## Description of the task
Only the lines below between the ones containing "Chocolate and Strawberries" and "Have you interviewed your Oracle Cards?", inclusive, are to be reproduced, each exactly as it stands.

## Task material
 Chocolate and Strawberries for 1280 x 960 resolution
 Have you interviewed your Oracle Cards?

==

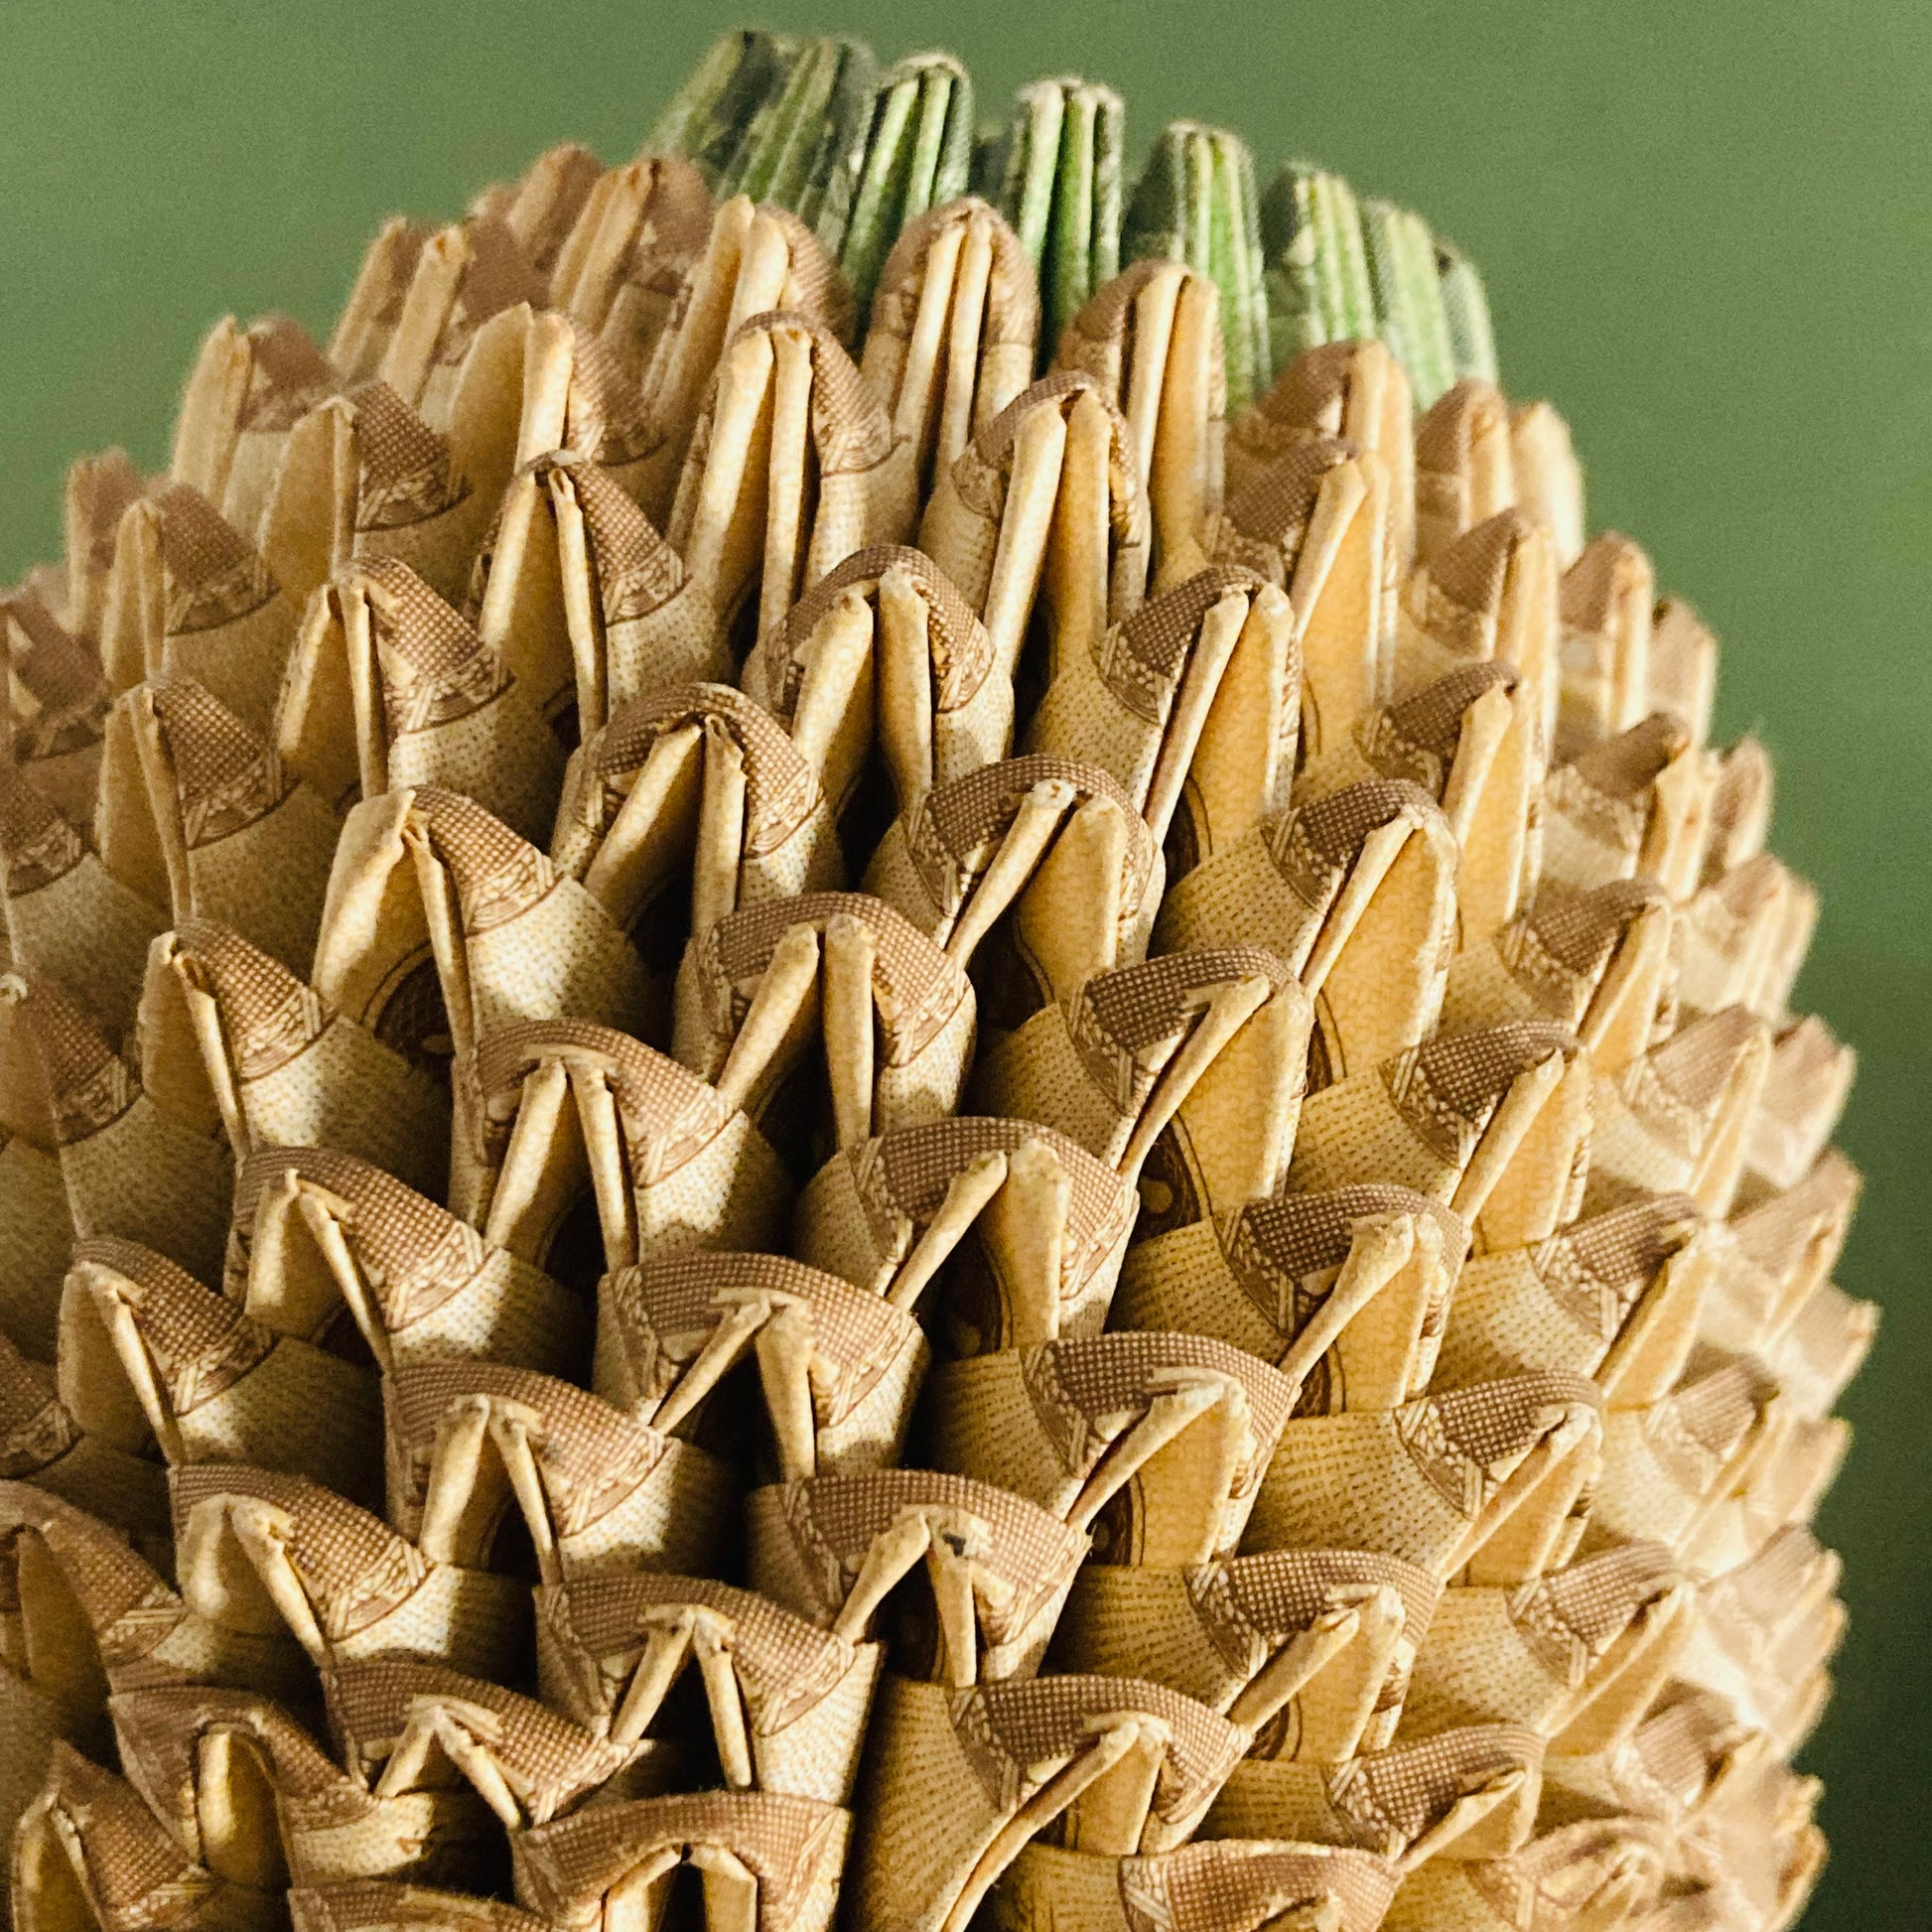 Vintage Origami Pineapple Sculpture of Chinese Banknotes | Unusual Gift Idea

## Problem solution
 Chocolate and Strawberries for 1280 x 960 resolution
 Have you interviewed your Oracle Cards?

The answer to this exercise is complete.